Reverse joe-jobbbing – sample to come

Spammers are thwarting filters by putting their target email addresses in the sender line, and pushing the emails to invalid addresses, according to The Register.

I’ve received about a half dozen bounced messages that may be related, and recollect they were coming from Postfix servers. If you see one, you will notice all the generic “this is a message from the Postfix server” bit, and the “returned” spam message will be at the very bottom.

I’ll post a sample here next time one comes my way.

PS: Yes, that title needs work.

Comments

Two solutions at mail server level that need to be forced upon all administrators to solve this simple problem:

1. Make a “default” address, which accepts all mail to inexistant addresses – no bounces are generated (eg. in qmail: /var/qmail/alias/.qmail-default with “#” as contents -> all goes to dev-null).

2. Bounce at envelope level, not after mail acceptance. This unfortunately needs to be implemented in the mail server, and cannot be simply configured in most cases. Unfortunately, many MTAs (eg. qmail) do not check for mail existence at mail envelope level, but only upon mail acceptance. Hence it’s possible to abuse such servers. If bounces are generated at envelope level, there is no actual mail sent to the envelope from address.
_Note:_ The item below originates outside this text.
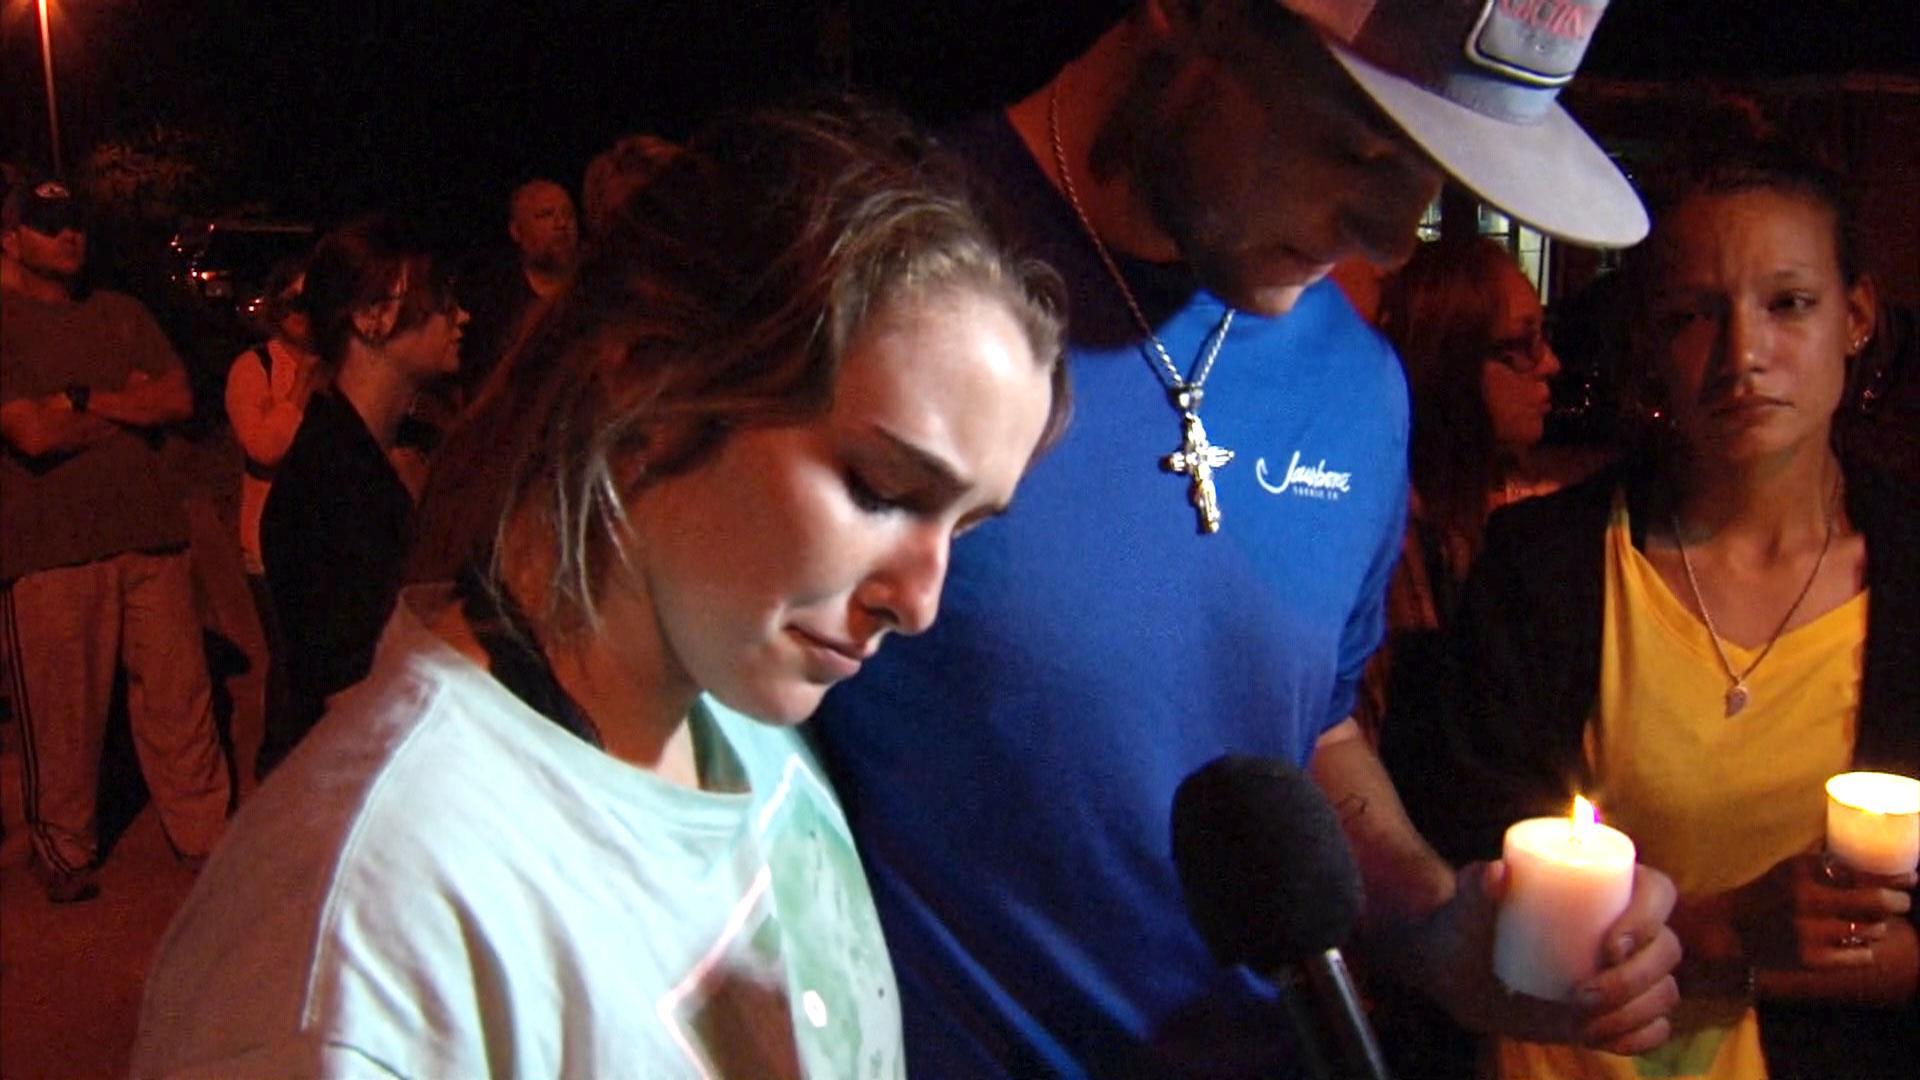 Texas Church Shooting: More Than Two Dozen Parishioners Killed
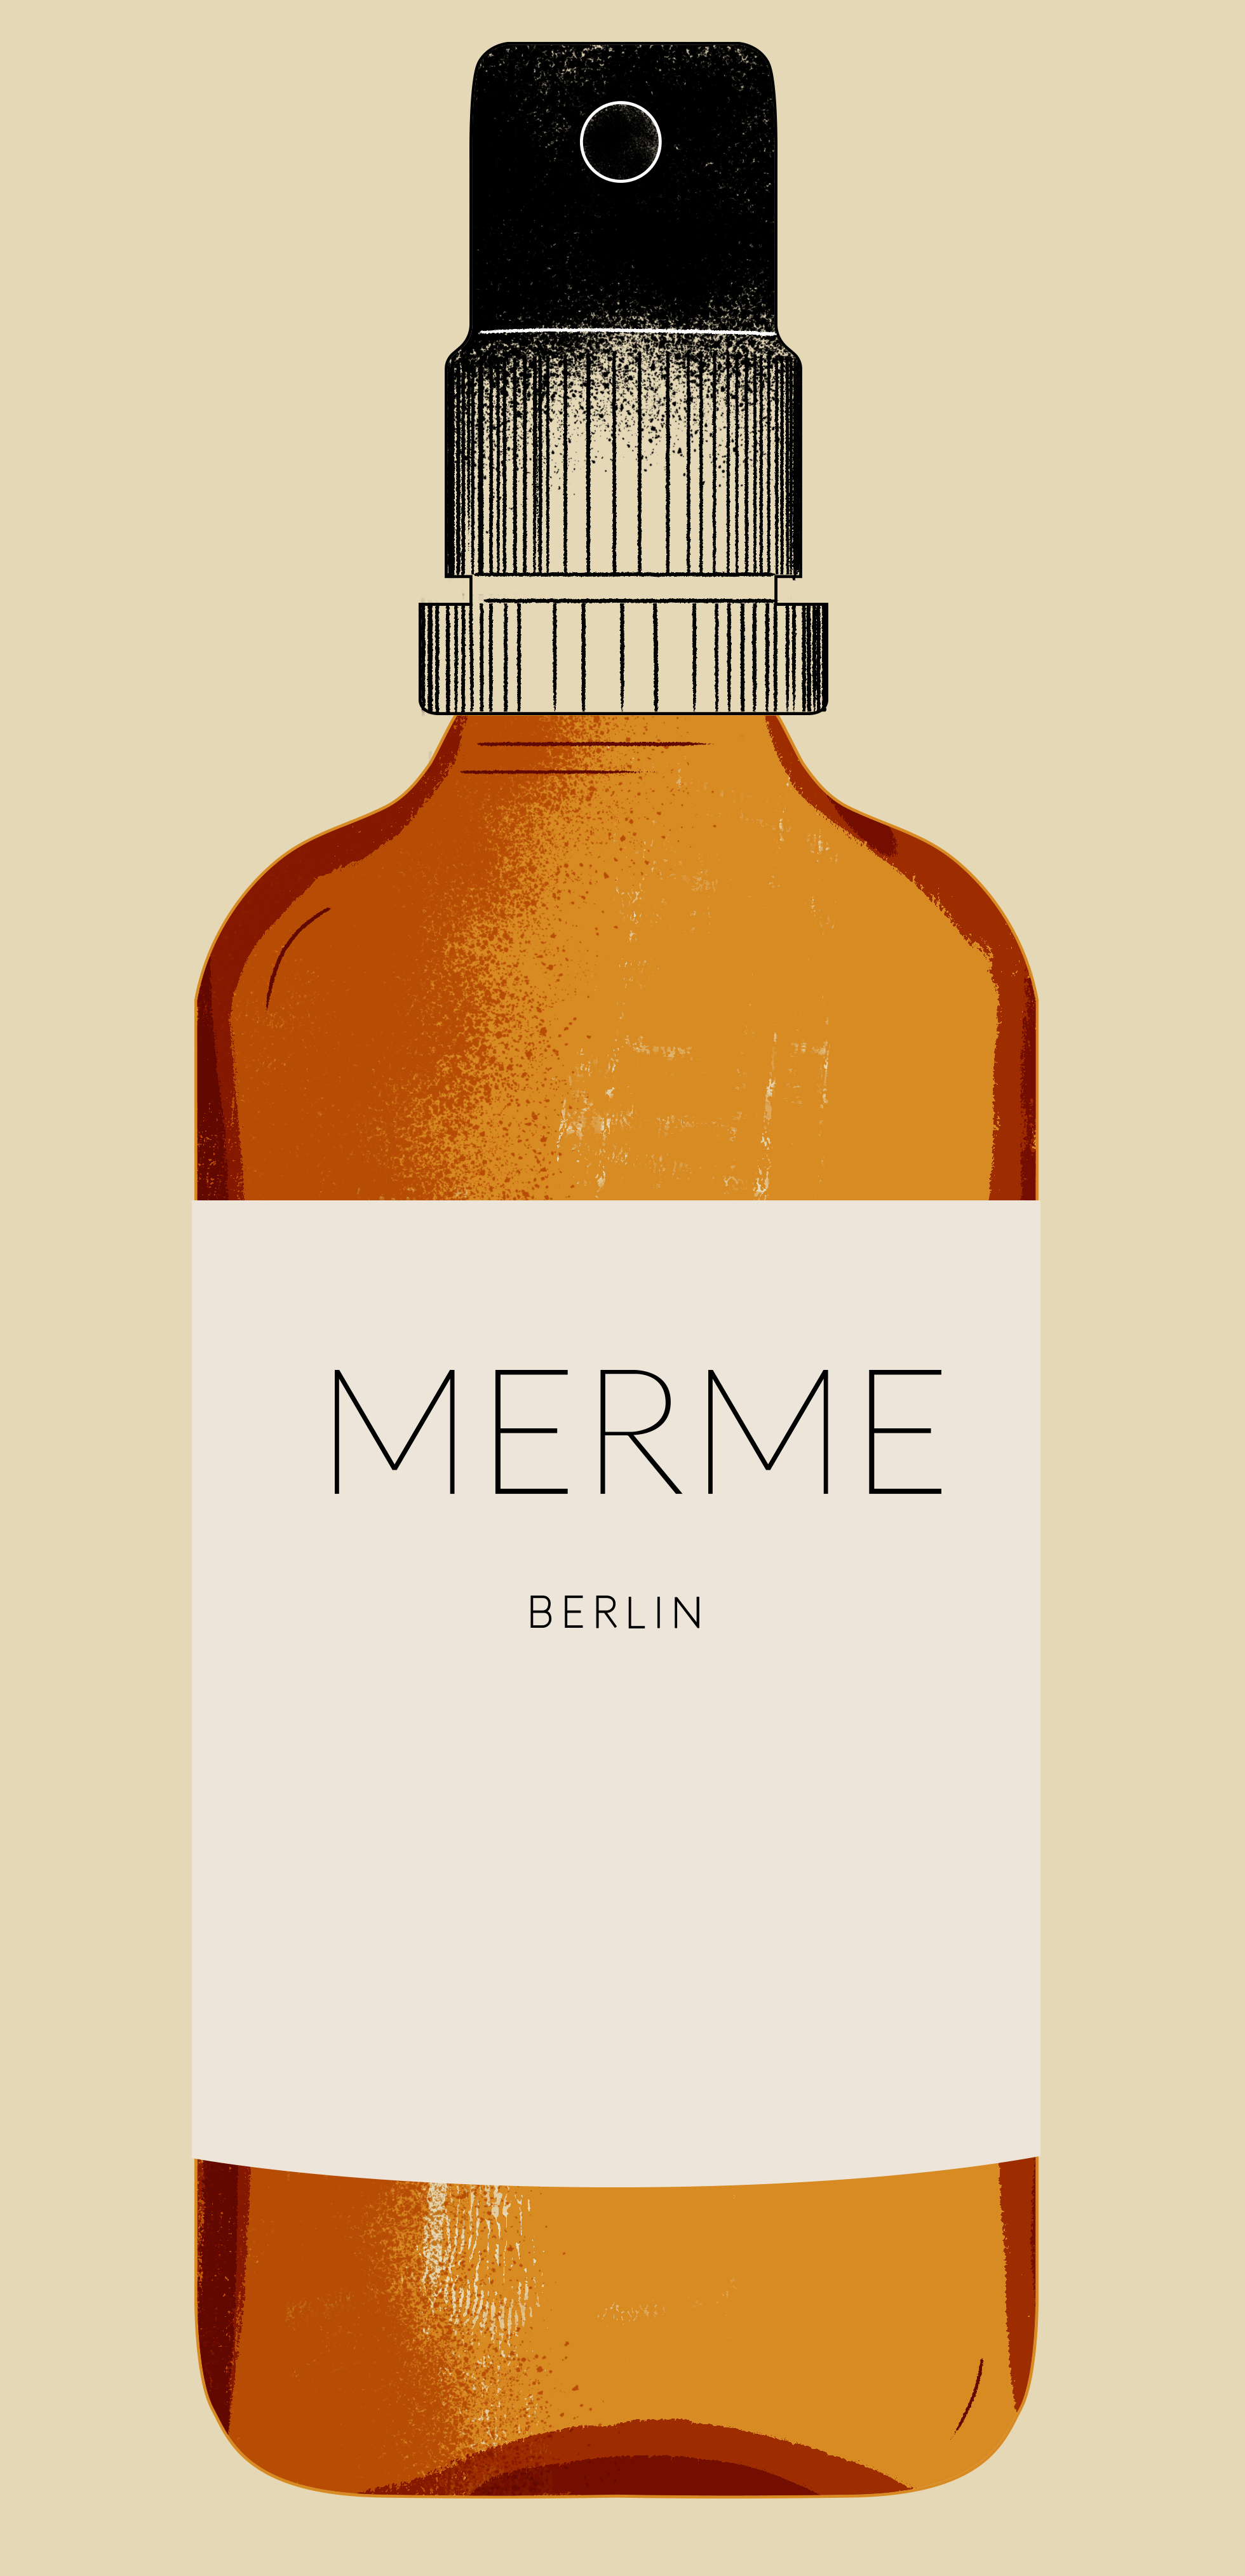 WH_01_06_merme.png

PS your entry is a bit unclear, because it’s not the sender address that the mail is returned to, but the envelope sender (in mail headers you see this address in Return-Path:, NOT in From:).

David Hart says:

That shouldn’t work “Instead of forging the sender’s email address (a trick that’s easily detected by anti-spam technologies) spammers are deliberately sending their messages to an invalid email address at a high profile company using a forged “From” address at a target company. The email is then bounced as an unrecognised email address and sent back to the “sender”.”

Properly configured, a server only sends NDRs to local recipients which is determined by the authenticated original sender.

Regardless of the asserted sender, a message to an unknown user should be rejected (55x) – not bounced, which creates backscatter.

Sounds like there are a couple of interpretations of what is happening here. As soon as I personally get another, I will post it for sure.